Keywords related to systematic reviews and chronic ankle instability will be used. The following search strategy will be modified for use in the respective databases. Mesh terms (“ankle”, “ankle joint”, “lateral ligament, ankle”, “cumulative trauma disorders”, “chronic pain”, “ankle injuries”, “sprains and strains”, “joint instability”, “review”, “meta-analysis” and “meta-analysis as topic”) will be used in conjunction with keywords searched in the title and abstract (ankle* OR talocrural, instability OR sprain OR injury, perceived OR chronic OR functional OR mechanical OR recurrent OR repeated OR repetitive, meta-analysis OR systematic).

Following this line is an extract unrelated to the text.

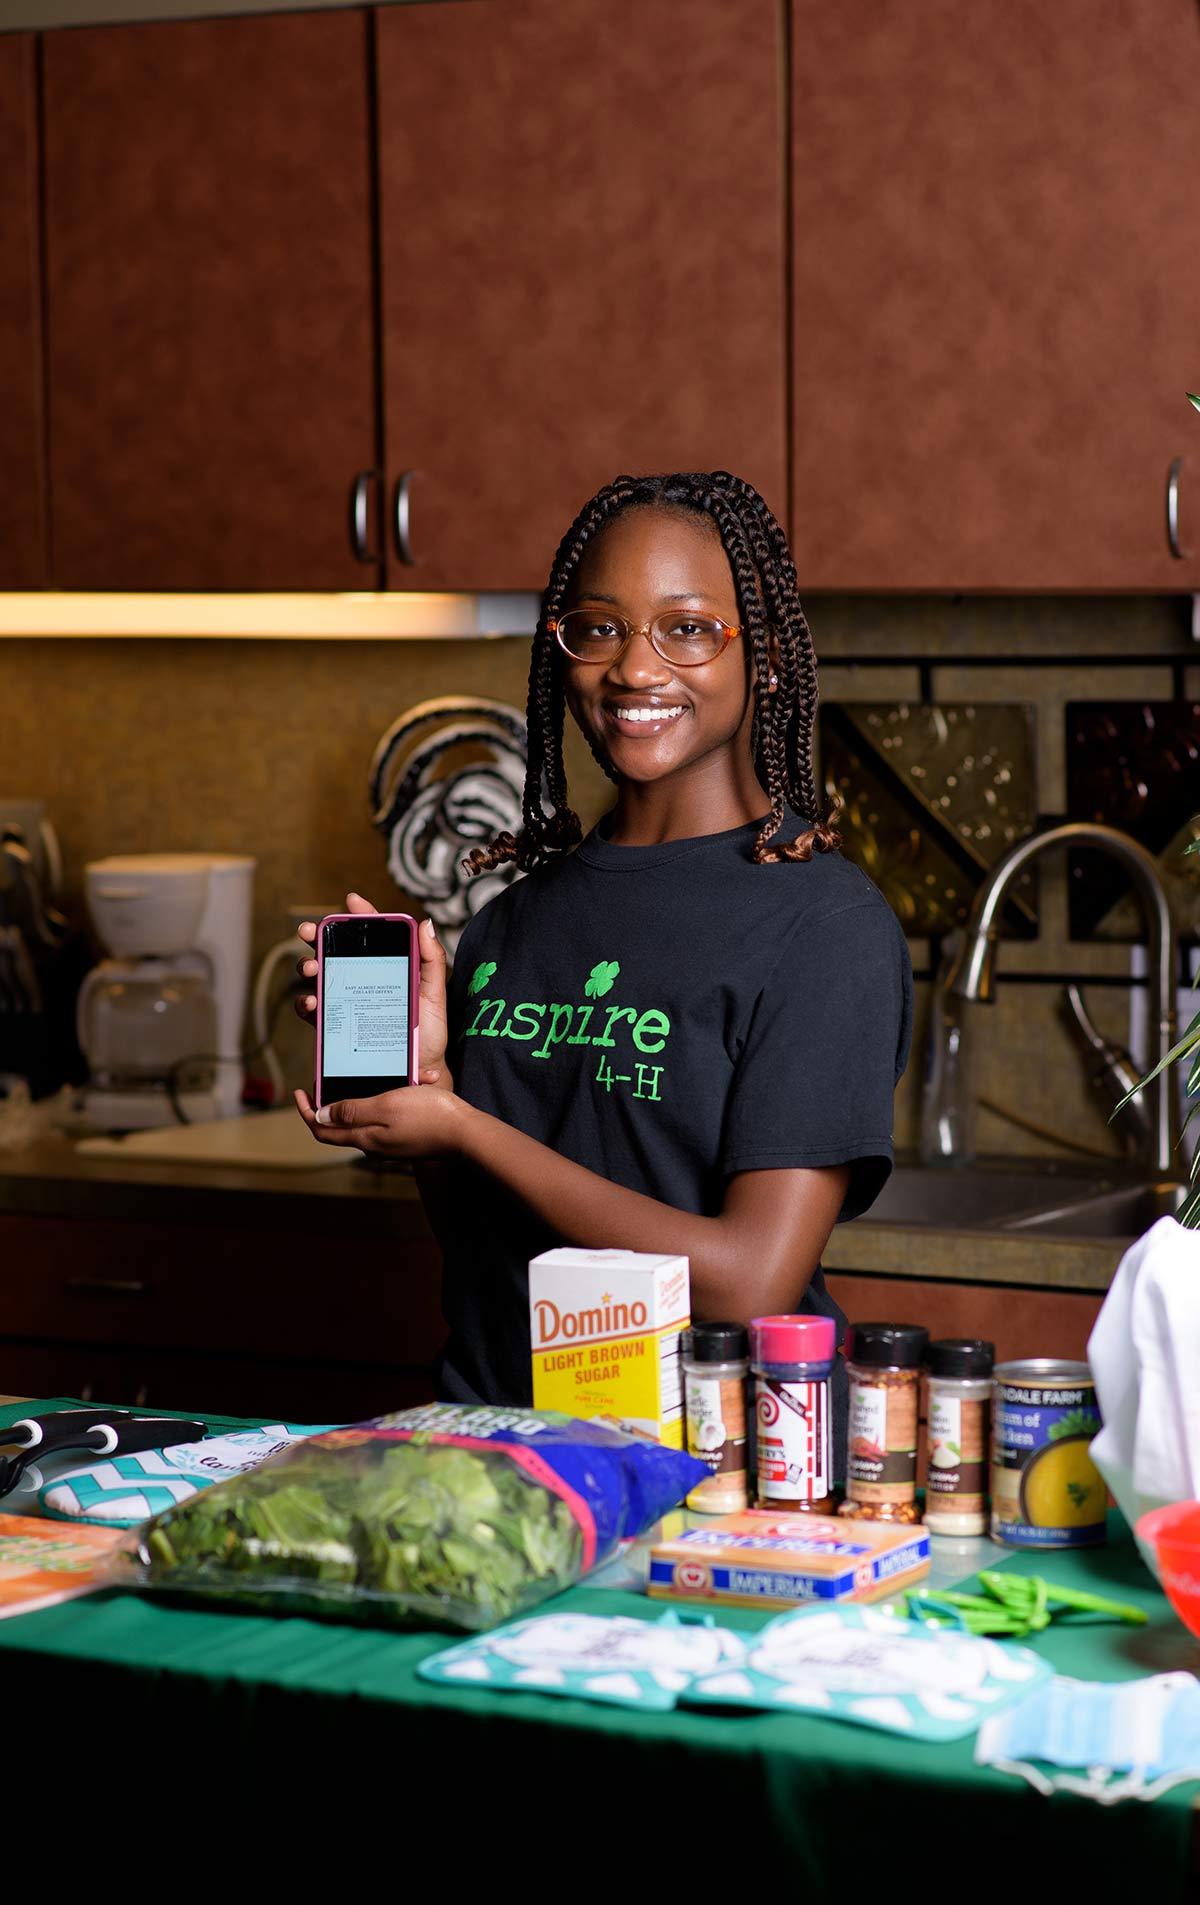 A smiling teenage girl stands behind a table covered in ingredients for a recipe displayed on a phone screen she holds in front of her.

Our review targets systematic reviews of risk factors associated with CAI in adults and/or children. We define CAI as a multifaceted condition that may present as either mechanical ankle instability (MAI) of lateral ligaments, perceived instability, recurrent ankle sprains or a combination of the three [3, 4]. How each systematic review and the studies within them define chronic ankle instability will be compared to previous classifications  endorsed by the International Ankle Consortium, which are outlined in Table 1. How systematic reviews define CAI will be used to assess the homogeneity of the population.
The review will identify and examine systematic reviews that have examined factors contributing to CAI (i.e. postural control, neuromuscular control, kinematics, kinetics and bone and ligament structure). Deficits may include, but are not limited to, balance, proprioception, functional performance measures, force and joint angle measures (of the hip, knee, ankle and torso), gross muscle activity, spinal and cortical measures of excitability, mechanical laxity and bone alignment in the foot.
Collins and Fauser  stated a systematic review is characterised by explicit, transparent and reproducible methods. Systematic reviews should typically include a narrow-focus question, comprehensive literature search, criterion-based evidence selection, strict validity evaluation and an objective/quantitative summary . To be included, systematic reviews need to (i) complete a comprehensive search of the literature with or without meta-analysis, (ii) answer a focused question and (iii) clearly define the criteria of the search strategy and selection and inclusion of studies. Eligible reviews must also be published in a peer-reviewed journal and include adults and/or children with CAI compared to a healthy population. Study selection will not be restricted by language, that is, potential studies published in a language other than English will be translated and assessed for inclusion. Systematic reviews on patients with an injury (fractures, dislocations) or recovering from surgery will be excluded. Studies using a non-systematic review methodology (e.g. RCTs, cohort studies, case-control studies and cross-sectional studies) will be excluded.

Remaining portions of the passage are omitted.